RIPE WITH INFLUENCES

I often find myself fantasizing about the past. I don't mean the recent past but rather way-back-when past. Prehistoric art, historical novels, stories, movies, and black and white pictures of long gone relatives rapidly catapult me into chimerical worlds.

The Scarlet Pimpernel, A Tale of Two Cities, Les Miserables, Goya's Ghosts, Perfume, Quest for Firejust to name a few, are books and films set in wretched times. The survival of our ancestors depended a great deal on luck. The tiny skulls of children that I saw piled up in the Catacombs of Paris were a rude reminder that few made it to adulthood. 

"Red Cross" - digital work. This hairy soul grew from a doodle. 
He reminded me of the types of characters one uncovers in a Dickens novel.
The background came from old newspapers dated 1940s found in my attic.

It is difficult to imagine an existence with little or no bathing. Humanity's odours must have been distressfully ripe, a ripeness that for many centuries was covered up with fancy clothes. 

I've always been particularly fascinated by the outfits men wore in the 1700s to 1900s. Wigs, tights, foppy lace shirts, long jackets, knee high boots or pointy shoes with heels radiated style and pizazz. Add to that the recitation of bad poetry, excessive gallantry and geez, I read like a Harlequin novel...

...except that in my case, the influence of what came before is rarely romantic. Moth-eaten fragments of the past routinely wriggle their way into my imagery. Sometimes the choice is conscious, at other times not. 

Art propagates art. Writers spin stories that awaken images in our minds. Actors bring our ancestors back to life with the help of costumes, set design, lighting, music, dance and more. Art in all its forms bores into you like a subterranean mammal that never leaves. The more dreamlike, bizarre yet elegant an image is, the more it is likely to lodge in the brain. 

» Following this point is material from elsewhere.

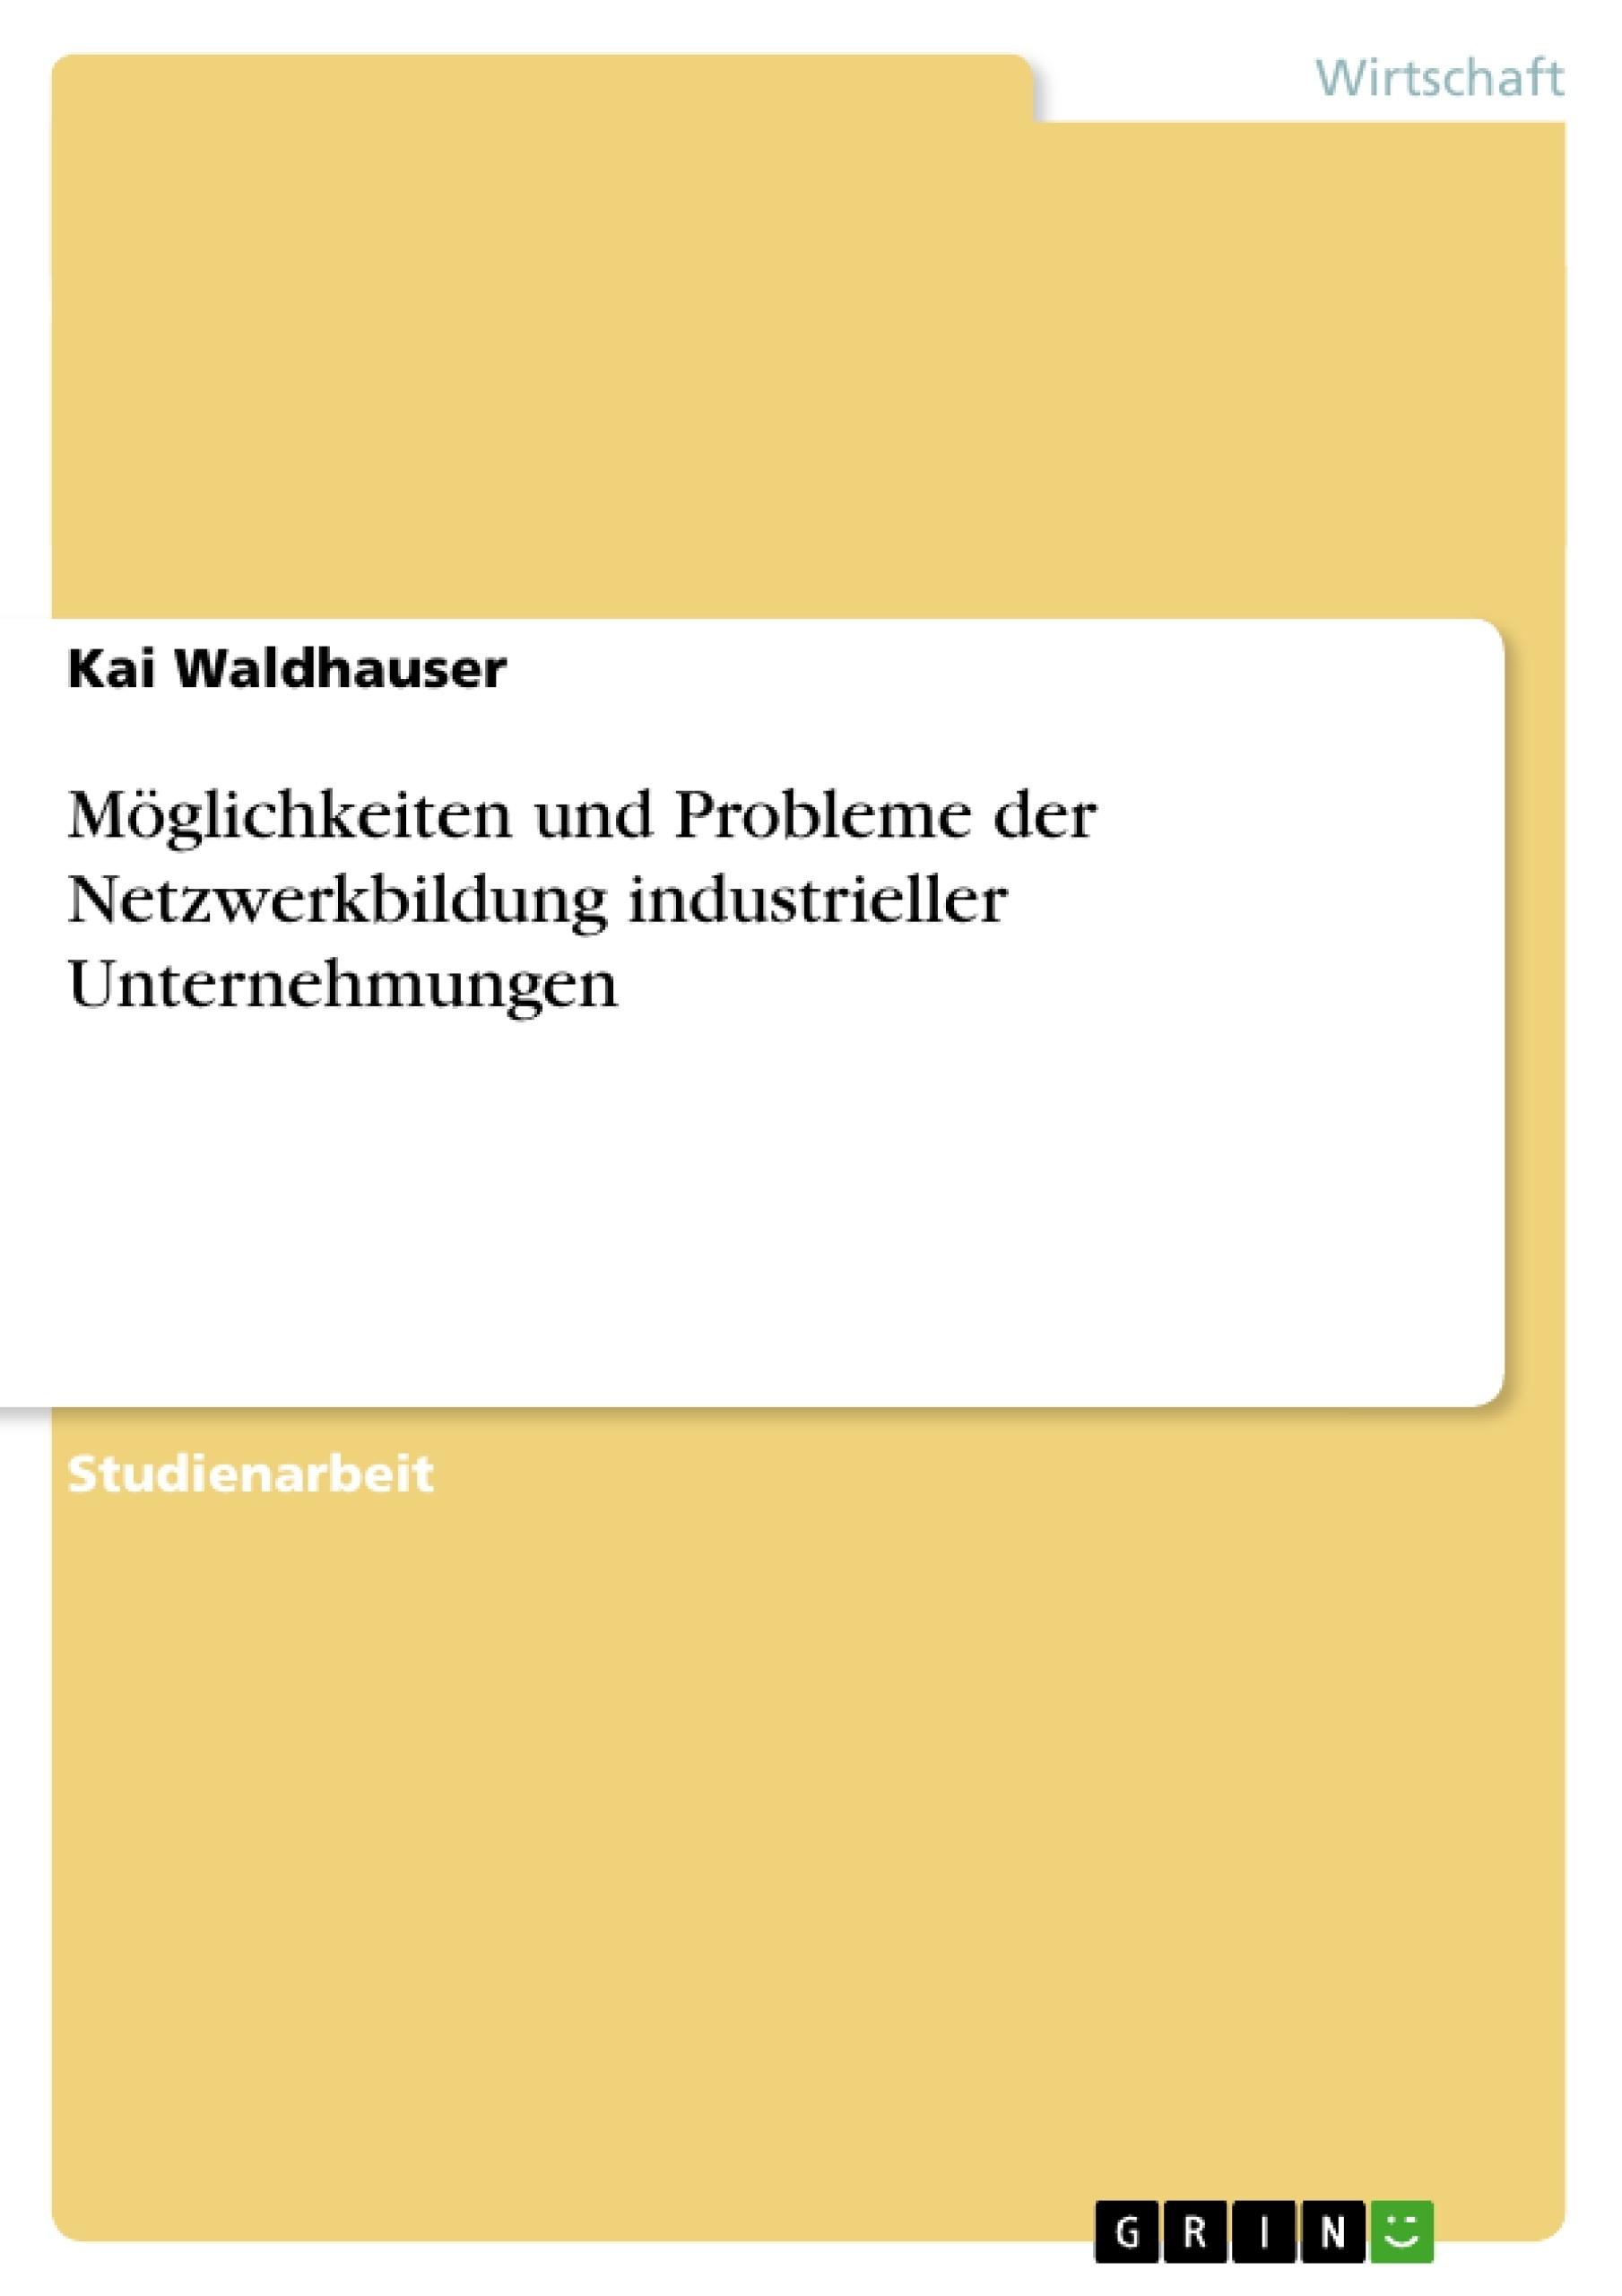 Titel: Möglichkeiten und Probleme der Netzwerkbildung industrieller Unternehmungen

Here are some of the eye worms that dwell within me.
  1. Anthony Andrews created a slew of offbeat characters in the movie The Scarlet Pimpernel. His multiple transmogrifications were often grotesque caricatures of everyday personalities. I can't forget them. Amazing how stuffing cheeks with cotton can alter a jawline. 
  2. Long John Silver from Robert Louis Stevenson's Treasure Island was a devious, scary pirate brought to life by Robert Newton in the TV series The Adventures of Long John Silver. I watched it weekly as a young girl. The way Newton spoke and his piercing eyes had a profound effect on me. Frank Langella exhibited similar eye power in the movie Dracula (1979) and in his ads for I Love New York. Come to think of it, my dad had piercing eyes although his were a transparent, sky blue. Boys didn't hang around long if my dad happened by. One look from him was enough to make them disappear. Poof!
  3. Leonard da Vinci's brought out the essence and character of everyday people in his caricatures. They are wonderfully distorted and effervescent.
  4. Closer to home, Les Belles Histoires des Pays d'en Haut was a weekly TV show in the fifties, sixties and seventies that my parents never missed about a miserly mayor who lived in rural Québec. Jean-Pierre Masson brought him to life with his raspy voice and permanent scowl.
This image comes from silly photographs I took of my face.
I manipulated them digitally to create characters reminiscent of those mentioned above.
The background is from a partial handwritten birth record of a family member.



I love humanity's finely detailed imperfections. Our blemishes and scars map our personal history. Influences from the past and of today continue to provide a medley of interesting eccentrics (including myself) that I choose to mirror. I'll let other artists concentrate on beauty. It's all in the eye of the beholder anyway.